When we finally debarked and stumbled away in a panicked, nauseous haze, I managed to slur, "That was without contest the worst ferris wheel ride, ever." 

But the nightmare wasn't over for Harry and Lauren. Even though they had boarded immediately after we did, for some horrible reason, the operator skipped them in his unloading process. They went around the wheel a dozen more times, and every time they got close to the point where unloading could occur, the wheel changed directions, meaning that they never actually crossed the point where they could have gotten off. Anna and I watched from below, helpless, while they cycled by again and again, waving at us forlornly, growing paler and paler with nausea and what I can only assume was a burgeoning and helpless resignation to a life now spent in perpetuity upon that hellish ferris wheel.

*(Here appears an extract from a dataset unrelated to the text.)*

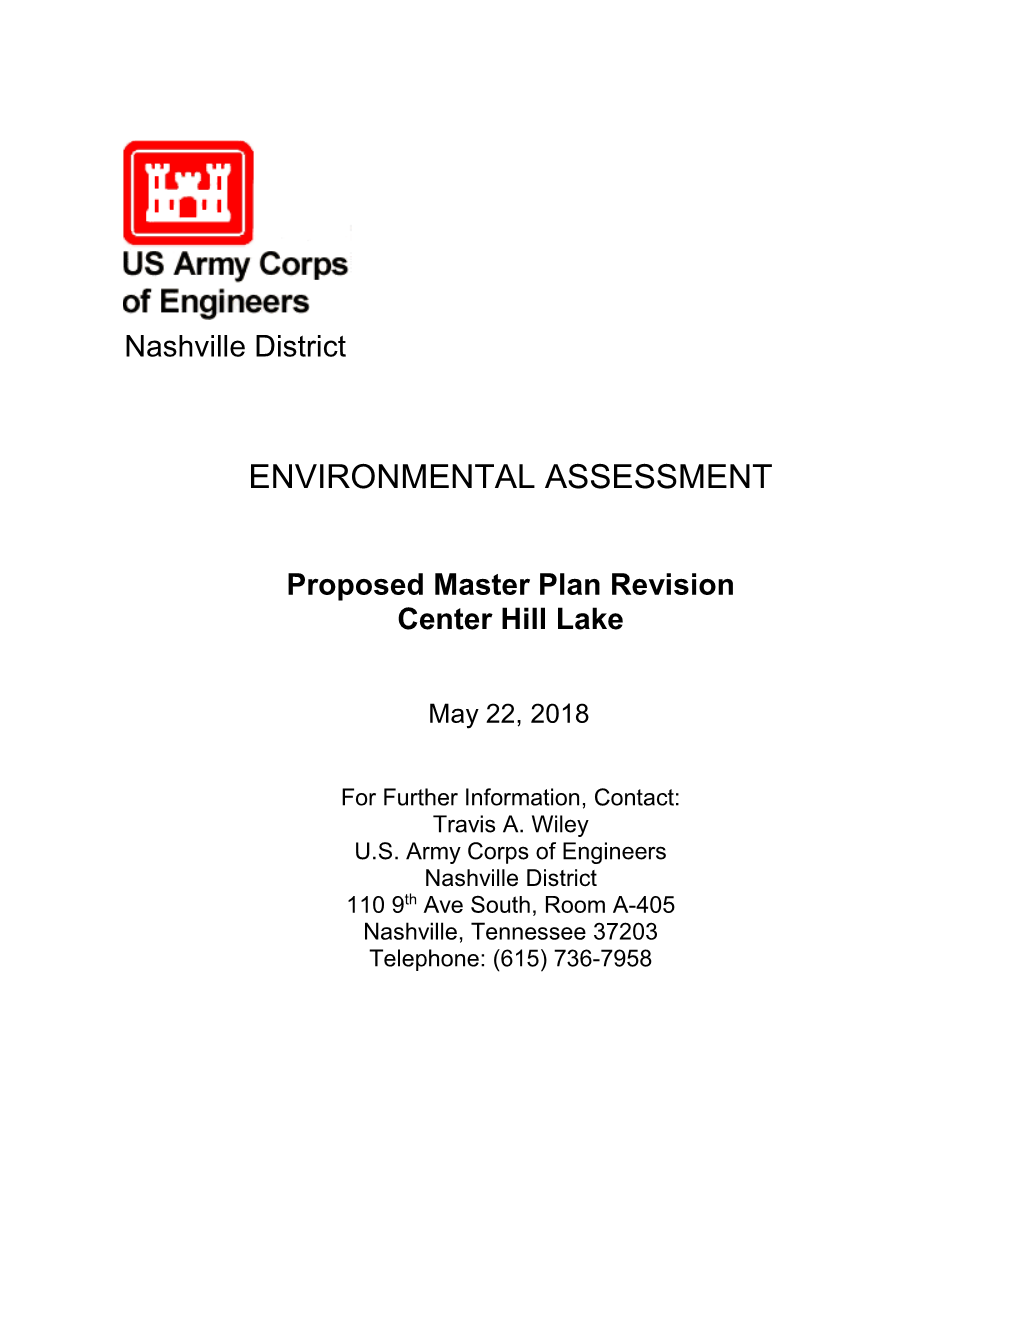 Environmental Assessment for Proposed Center Hill Master Plan

And then the lights went out, and the ferris wheel went dark. It's screaming motion halted and Harry and Lauren were left swinging wildly at the top. Mechanics who looked young enough to still be in high school scurried to the scene, and began climbing the ferris wheel, tapping on gears and shrugging at one another. Anna and I were in line for hot chocolate, and we were going to get some for Harry and Lauren as well, but we had no idea how long they were going to be up there, or, indeed, if they'd ever get down at all. 

Anna went to investigate. She approached the operator and began, "Our friends are up there –" and the operator interrupted, "They'll be fine, we'll get them down." To which Anna replied, "No, I'm not worried about their safety. I just want to know if I should buy them hot chocolate now or later." The operator looked at the ferris wheel, dark and menacing and still, and said, "Uh..I would wait." 

So wait we did. 

After about forty minutes of immobility and darkness from the wheel, my phone rang. It was Harry, and he wasn't amused. He first asked if they were ever going to get down, and then told me he had begun looking for a ladder down. There wasn't one. Then he deadpanned, "Those mechanics better get their shit together because I need off this goddamn ferris wheel."

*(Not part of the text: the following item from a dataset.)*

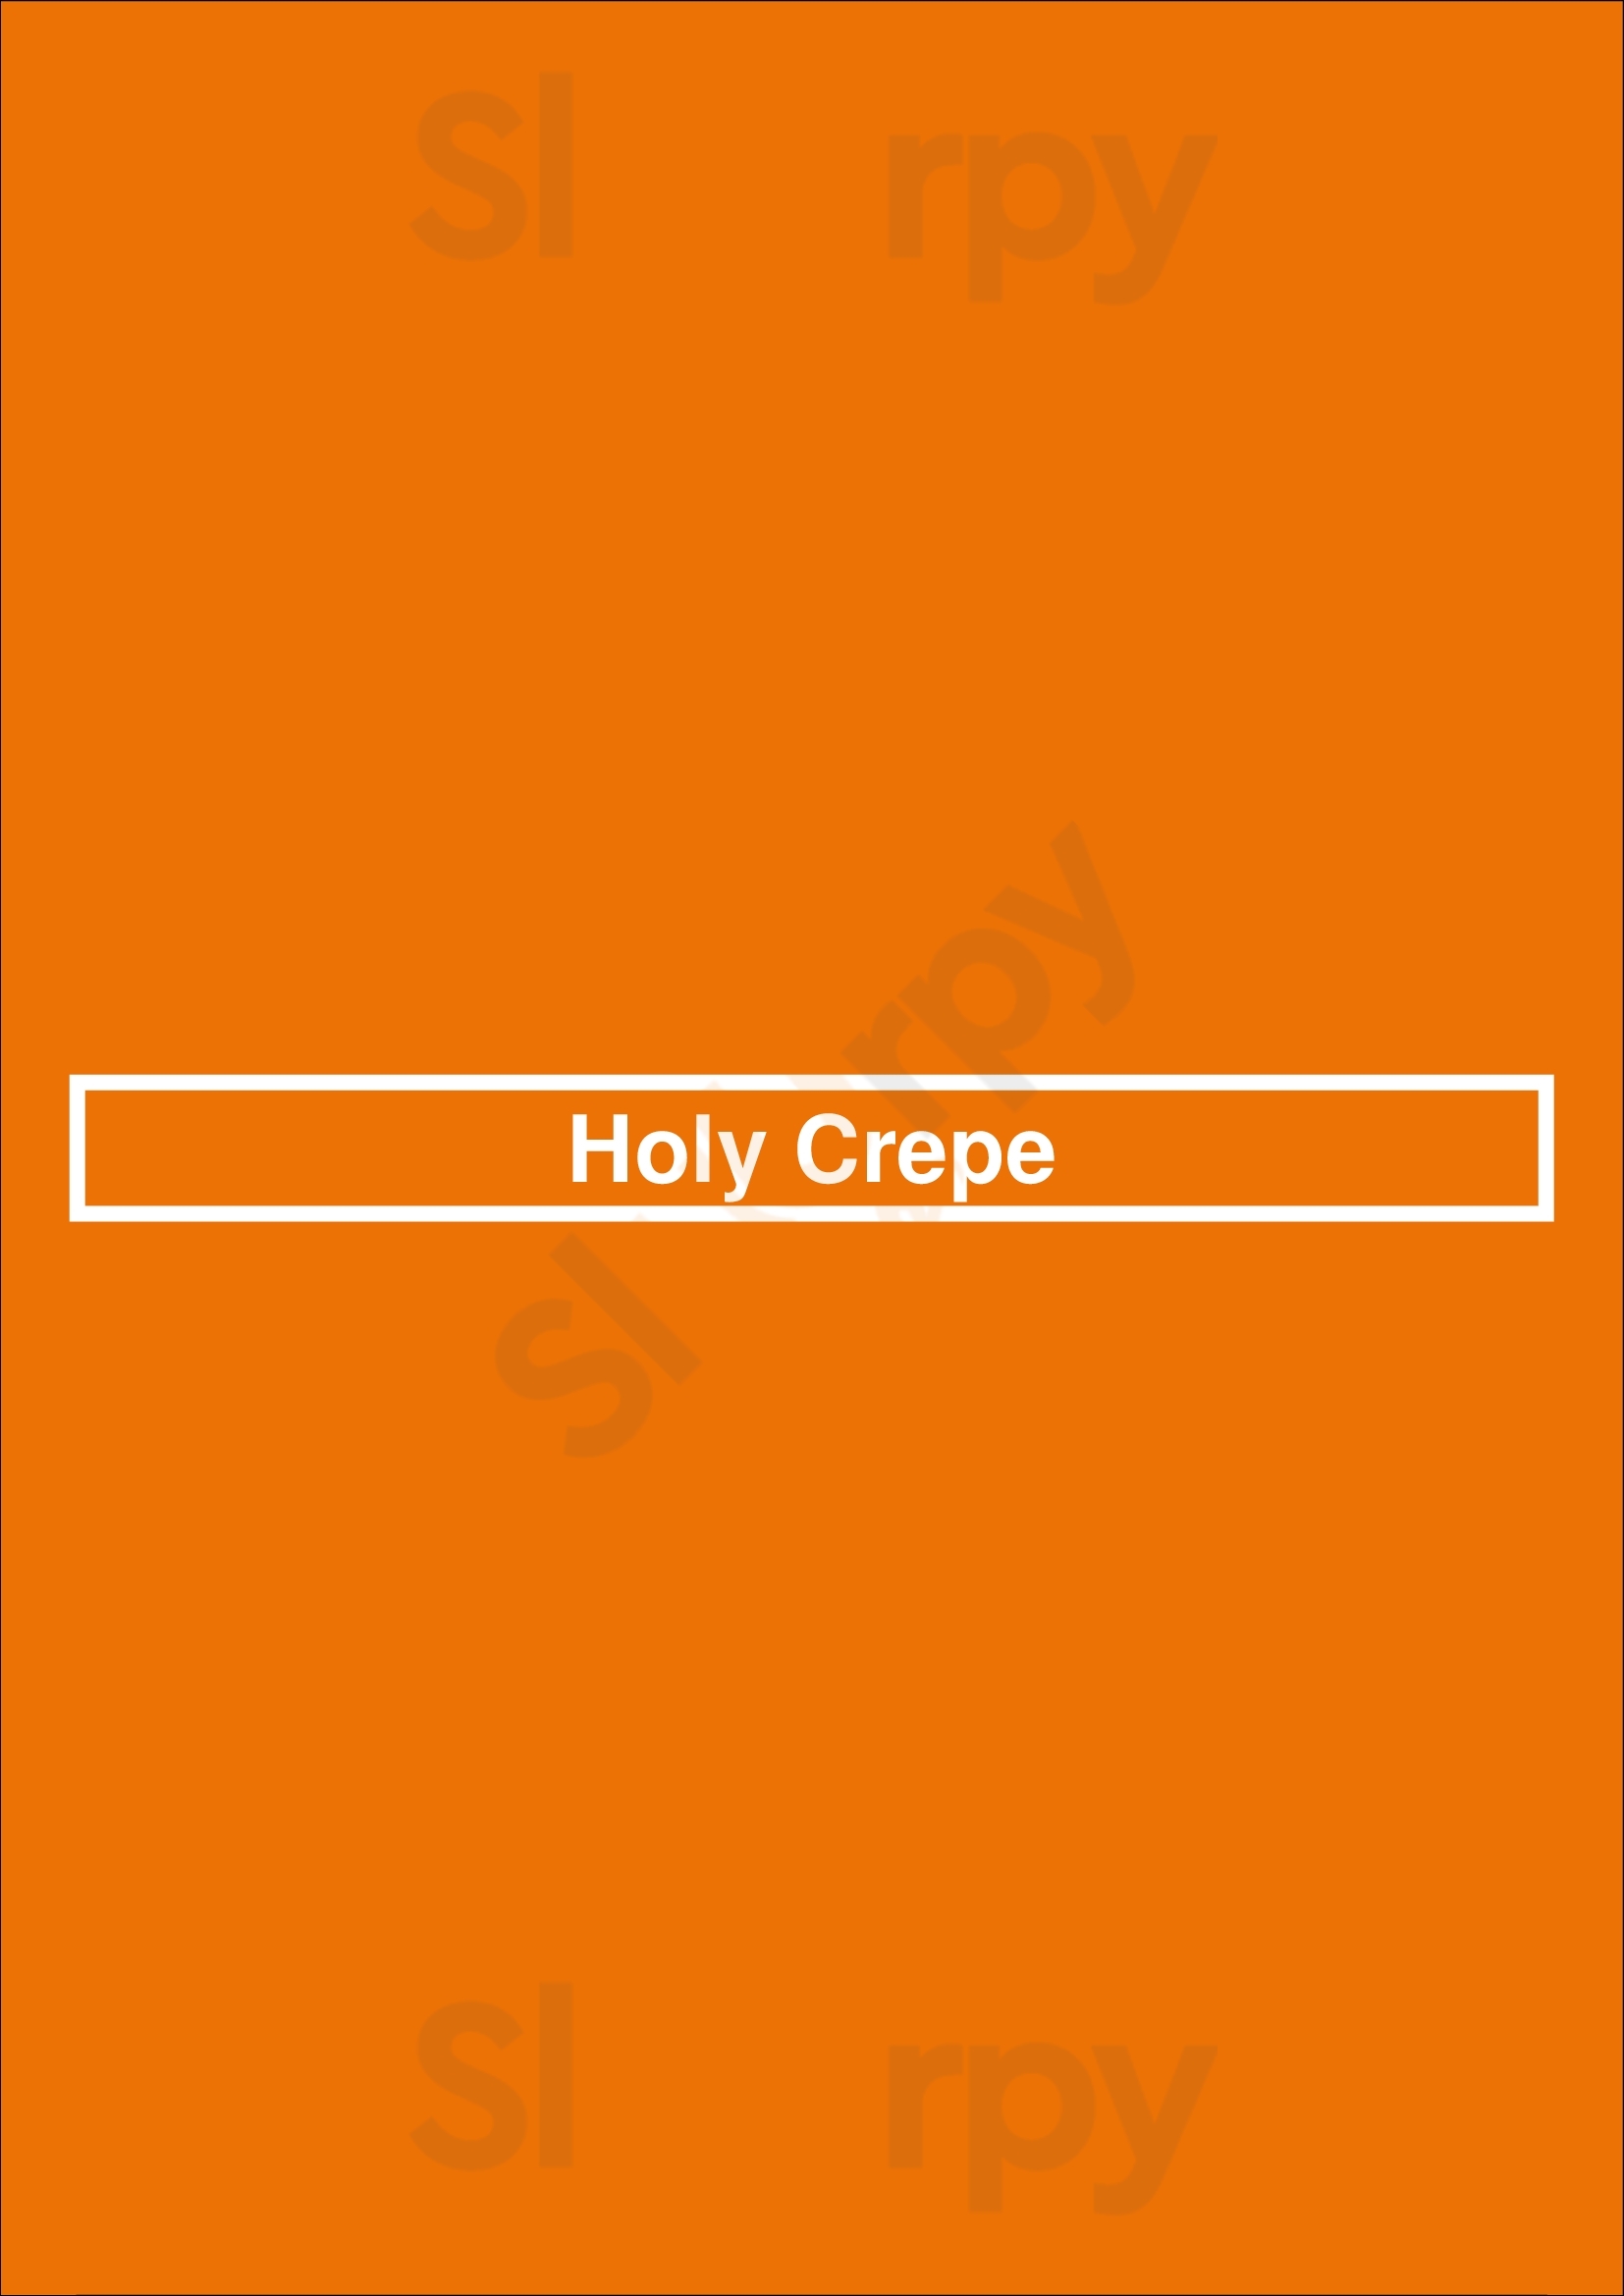 Holy Crepe São Paulo Menu - 1

When the wheel finally screeched and stuttered to life again, we thought they were safe, that they could get off now. But again, we were so terribly, terribly wrong. The operator disembarked every other cart, skipping them not once, not twice, but three times, as they leaned over and begged to be freed from their icy iron sky prison. When they at last reunited with the solid earth, the conductor unsmilingly handed them their tickets back to use on a different ride, and we all drank hot chocolate and ate salty carnival nachos and attempted to intercept the nervous ticks that were developing in our ingrained responses to ferris wheels. 

Then we all went and rode the carousel, because if that breaks down, we can just get off and walk away.